Perfect, if this is what soots you!!

Taken right out of the surrealist  archives of Catalan, this is the “Salvador Dolly”:


Ladies, you know that gentlemen always love the Bukkake look:


Uh, er…make that Kabuki, that’s right Kabuki.

Oops!   Sorry.

And guys, we didn’t forget about you!!!   We offer two conservative looks that are crisp and clean and criminal.   We’ve based these two examples on former  Bush adviser, Karl Rove.

VERSION ONE is the original Karl Rove:



And this is VERSION TWO:  The Karl Rove-Slash-Mark David Chapman, Beatle Killer



Back to Femalia.  Here’s our last offering.  It’s a two-part Max Factor-based homage to that little cherubic Brit and younger daughter of a one Mr. Ozzie Osbourne:

VERSION ONE:   The Kelly Osbourne


And VERSION TWO:   The More Dramatic  Kelly Osbourne-Slash-Lon Chaney as The Phantom of The Opera.


Cleenax Insta-Makeup promises to make YOU look lovely and ME, rich beyond the dreams of avarice!

Buy Cleenax Insta-Makeup where ever acne products are sold!!!!

Some assembly required.

Not available in parts of Arkansas, Southern  Idaho, Poughkeepsie and Fire Island.



  1. Enjoy your ruminations. One note, though. Your photo is Lon Chaney as “The Phantom of the Opera,” not Quasimodo

  2. Hilarious post Laurie. Thanks for the laugh. 😀

    Kudos to your company for developing such an ingenious and helpful product!

    May I humbly suggest these 2 possible variants to enhance the Cleenax line? How about a “Heavy Duty” package for the hopelessly hideous? And a “Natural” version, which looks like you’re wearing “no makeup at all”? Just a thought …

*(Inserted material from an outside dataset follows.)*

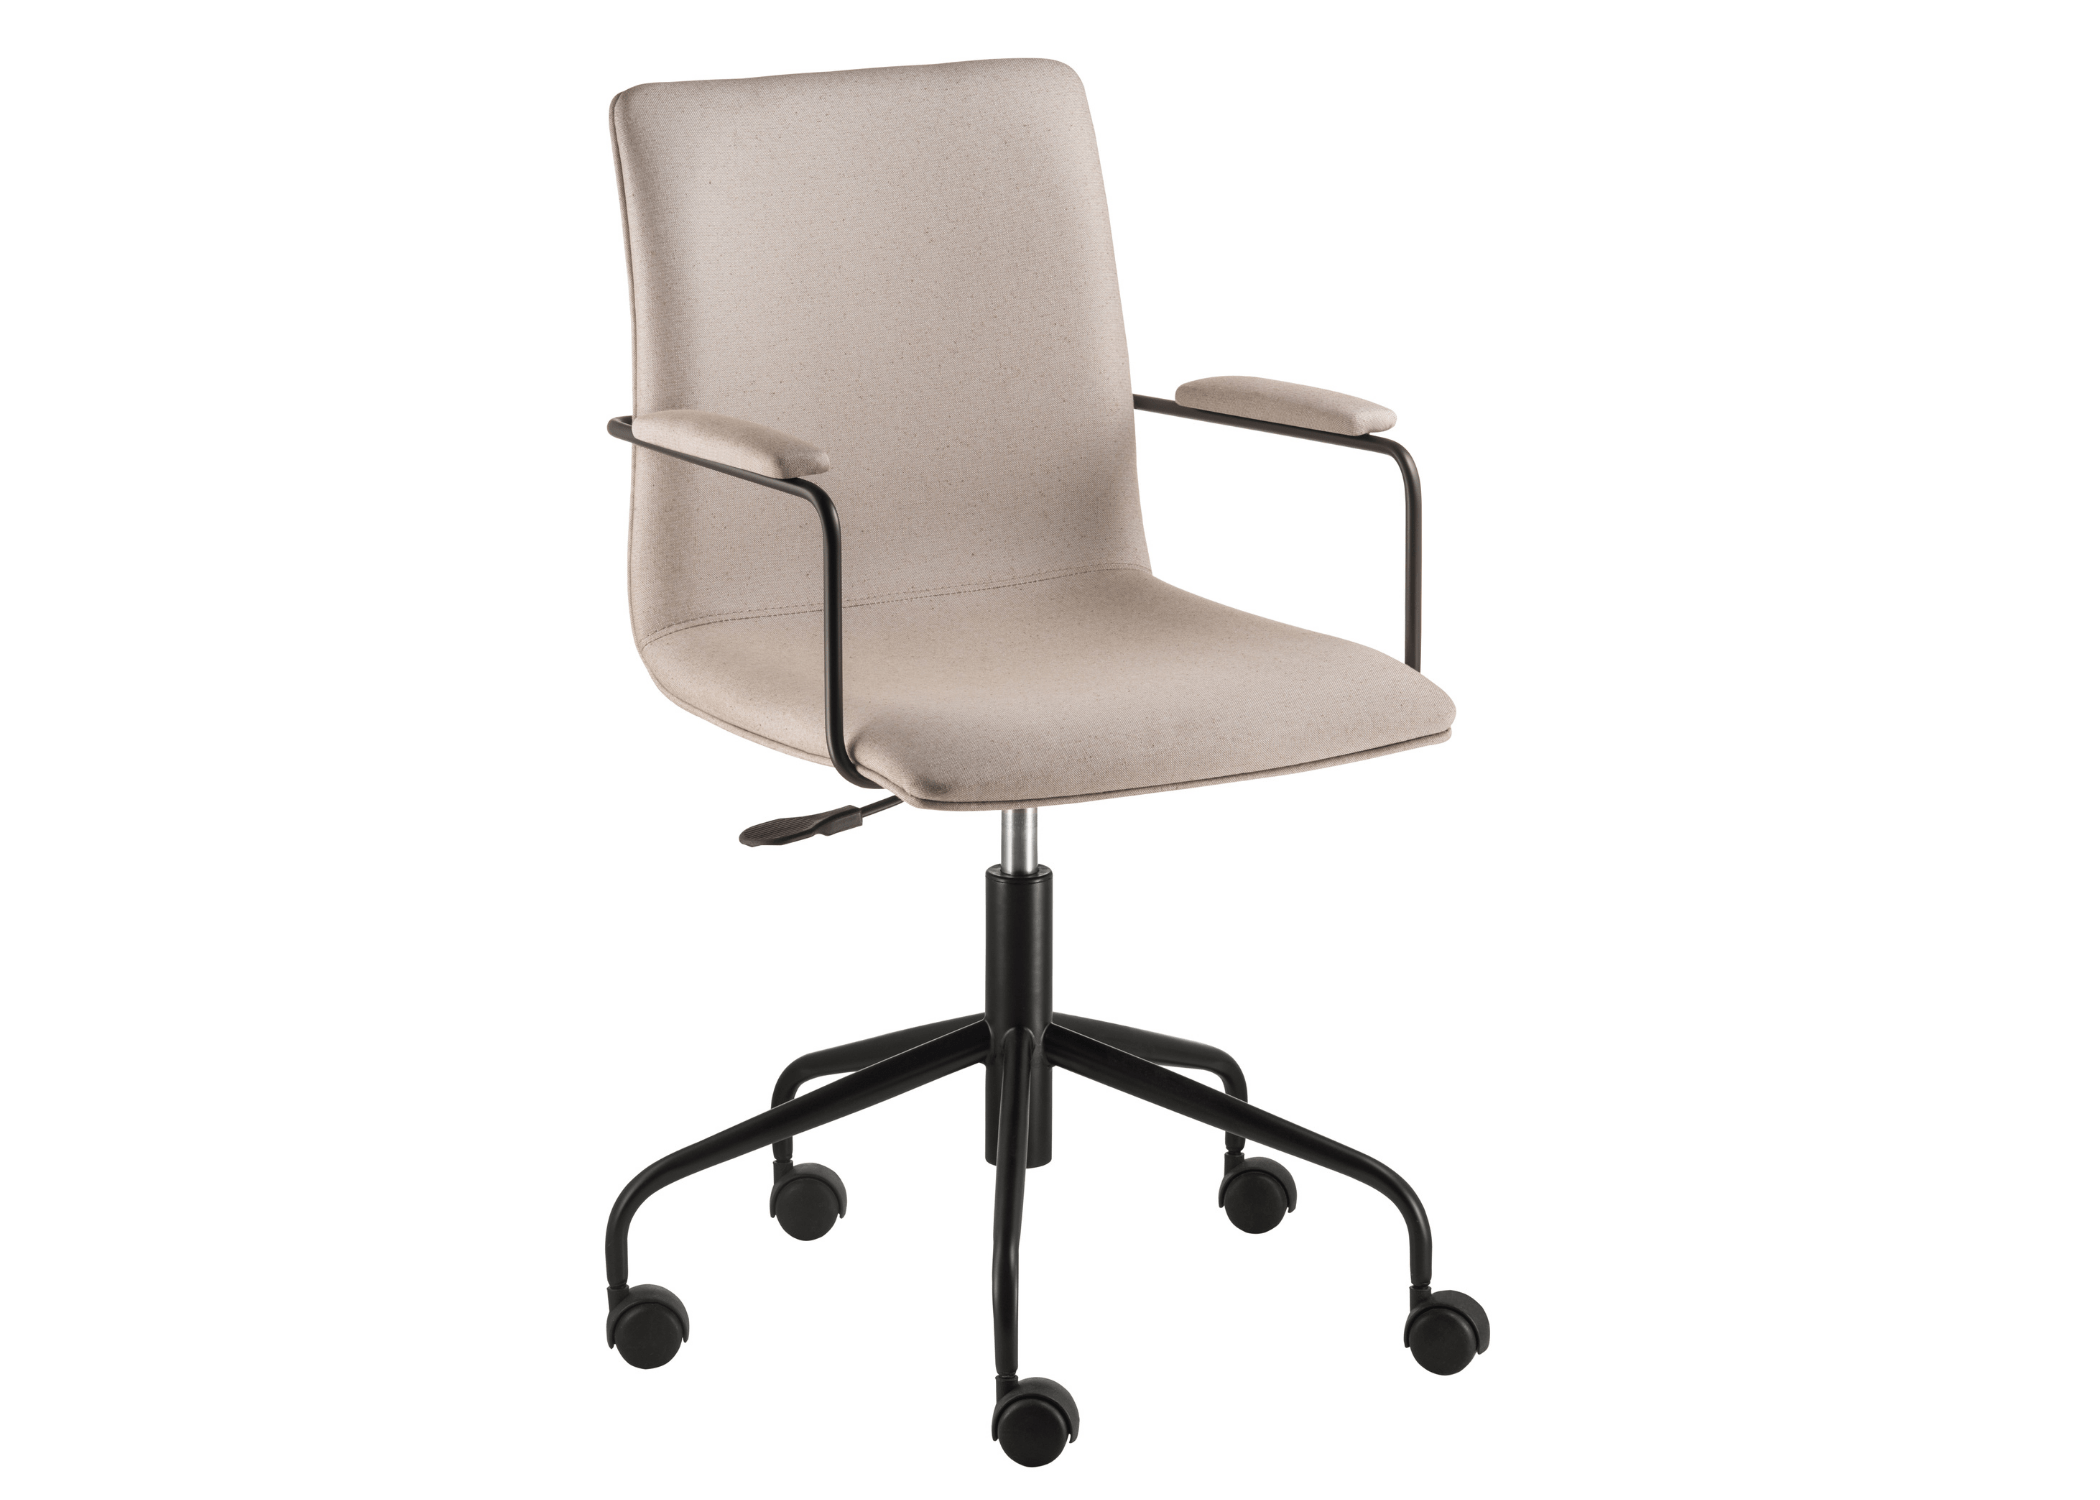 Elegância contemporânea: Cadeira Gala, a fusão perfeita de estilo e ergonomia.

  3. Yes David and thank you. The Brain Trust and I are in the process of working on the ways and means of a De-Uglifier. A rather complicated device that essentially works like a humidifier, but instead of using water based steam, this will emit Chlorine Gas.

    We’re awaiting patent approval from the EPA.

    As I see it if you’re that ugly, then you’re an affront to humanity. And as the Bible tells those who read it, if something offends, burn that bitch up.

    It’s just my little contribution to maintain the beauty of this Big Blue Marble.


  4. Are you sure that the pictures of Karl Rove and David Chapman aren’t the same guys? Amazing. They look more alike than you and Papa Sam do.